Bread tests and sausage sampling at Lewis Barbecue sneak peeks

Vernon (from left), Anita and Sam Bowen and Heather Pruitt. The mural is the work of artist Chris Kemp. Revelry Brewing Co. is on Conroy Street, between Meeting Street and Morrison Drive downtown. Wade Spees/Staff

Pitmaster John Lewis won’t go on the record about which cut of meat he likes best. But let’s just say it behooves his customers to venture beyond brisket at his upcoming weekly pop-up, which will function as a testing lab and promotional campaign for Lewis Barbecue.

Lewis, who made his name at La Barbecue in Austin, this fall is opening his first restaurant at the North Morrison development that also houses Edmund’s Oast.

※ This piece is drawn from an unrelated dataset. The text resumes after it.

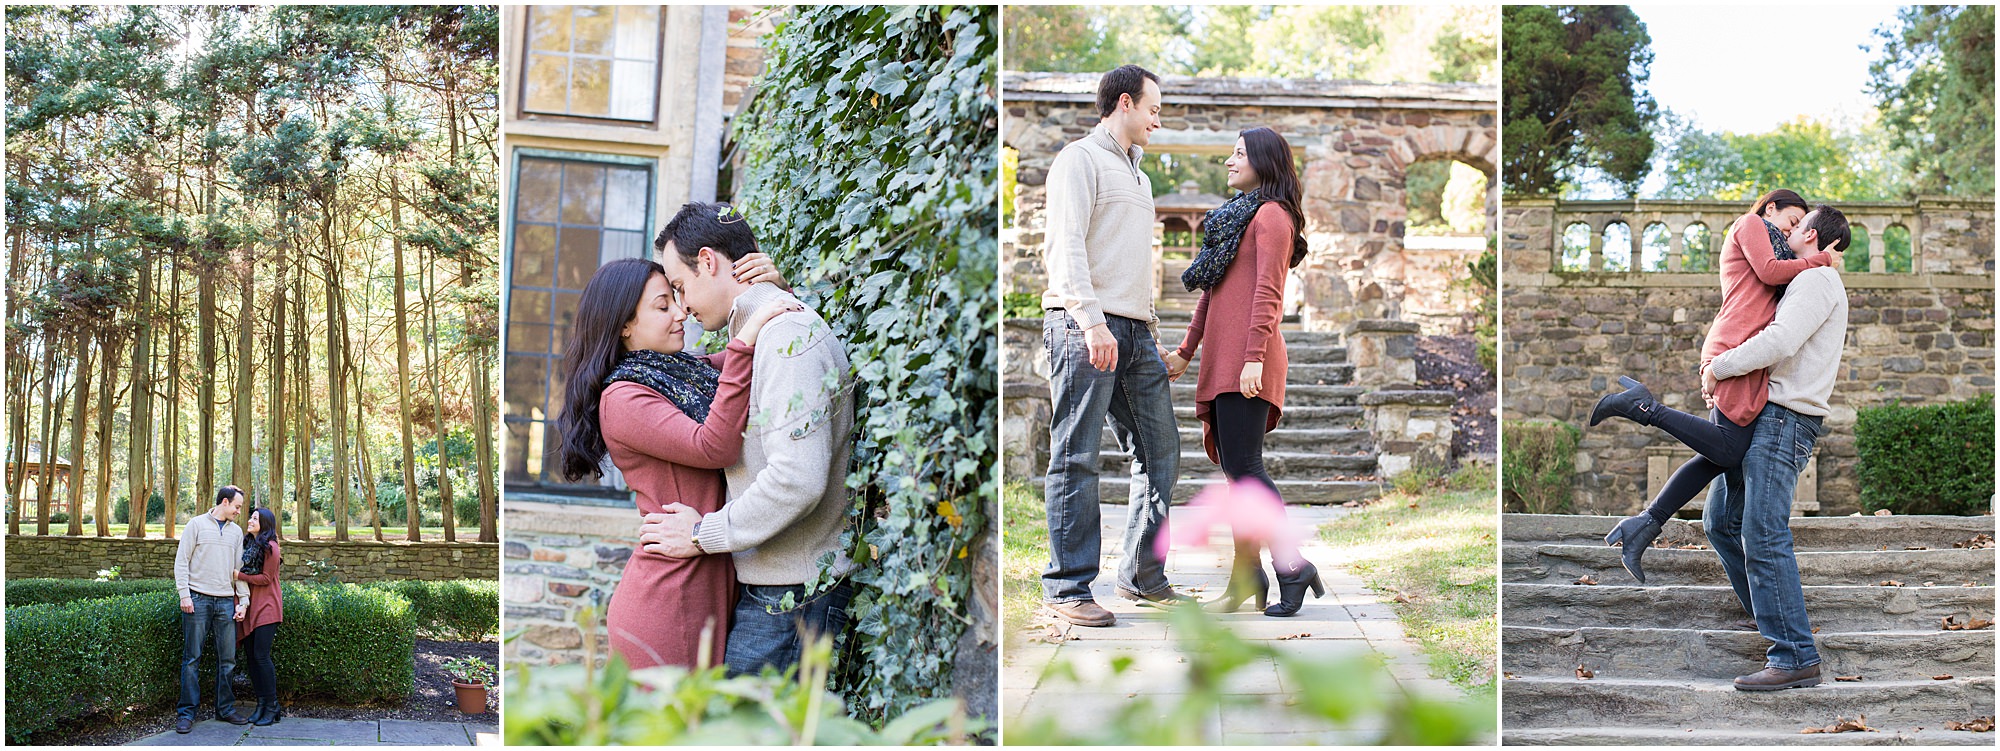 Ridley Creek engagement session

Starting June 6, he’ll be warming up on Saturday afternoons at Revelry Brewing, serving brisket, pulled pork, hot guts and side dishes.

Unlike most pitmasters, Lewis makes his hot guts from scratch. The sausages are a blend of ground brisket, beef heart and beef liver, moistened by beef fat and embroidered with spices. “There just wasn’t one that seemed right,” Lewis says of his decision to produce sausage instead of purchase it.

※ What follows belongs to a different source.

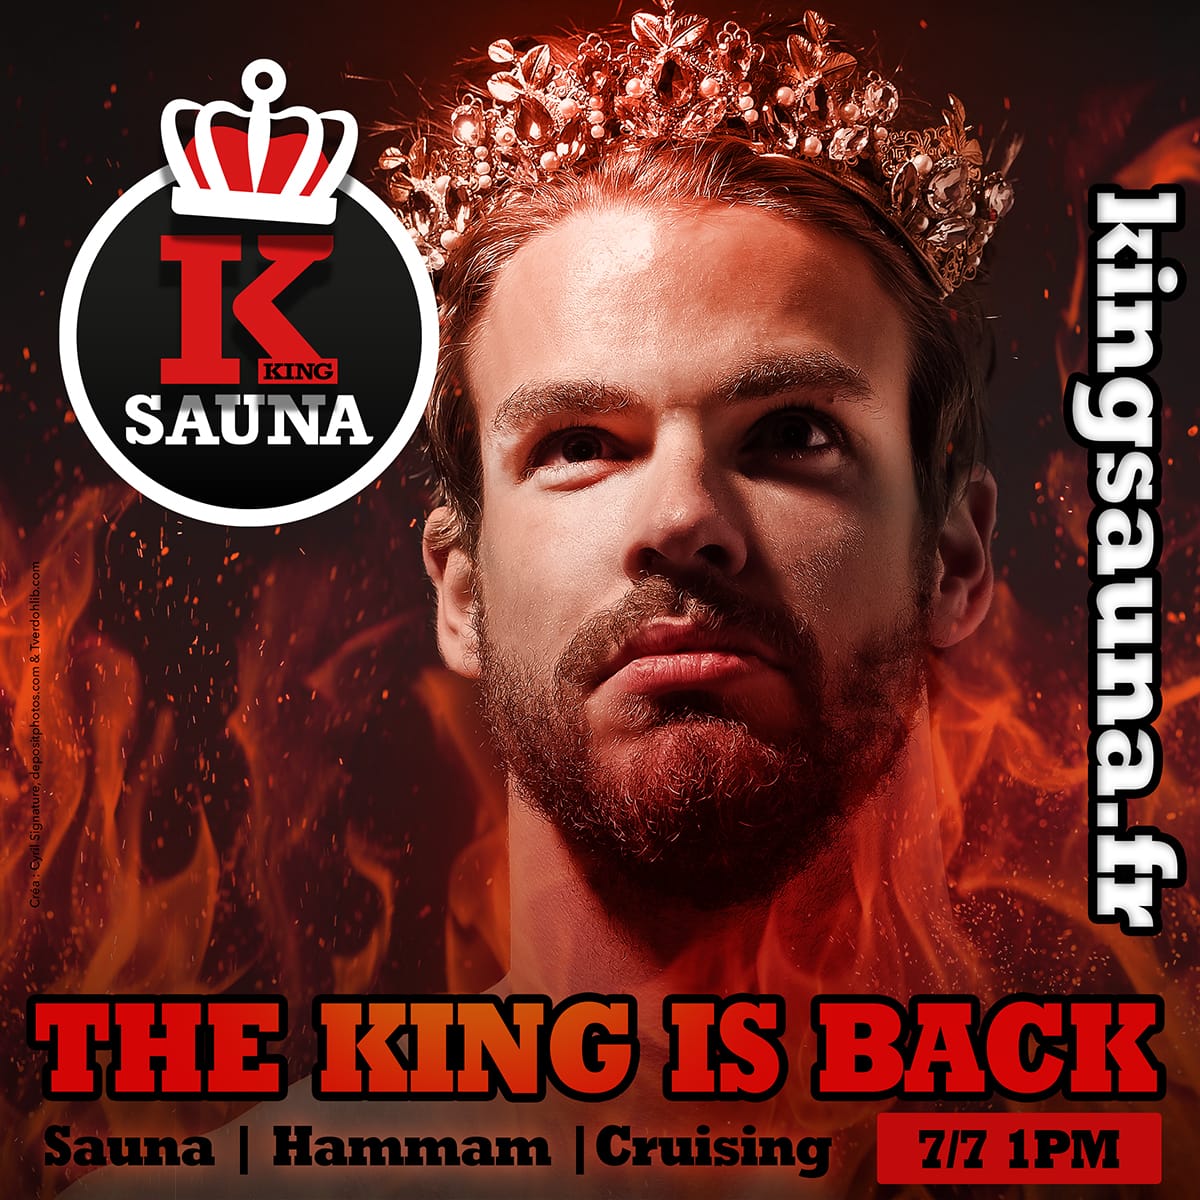 The king sauna is back

Most Charlestonians who’ve tried the hot guts “love it, love it, love it,” but Lewis allows there’s a subset of eaters who are overwhelmed by the heat; he’s considering making a mild version for the restaurant menu.

Just like at the forthcoming restaurant, pop-up patrons will order by weight, and the barbecue will be served with pickles, onions and white bread. Over the course of the summer, Lewis hopes to experiment with breads and buns from various bakeries. He wants “something more substantial than Wonder Bread,” which is the house loaf at many of Texas’ better barbecue establishments.

Revelry Brewing is located at 10 Conroy Street, just two blocks from the Lewis Barbecue location. Barbecue service starts at high noon.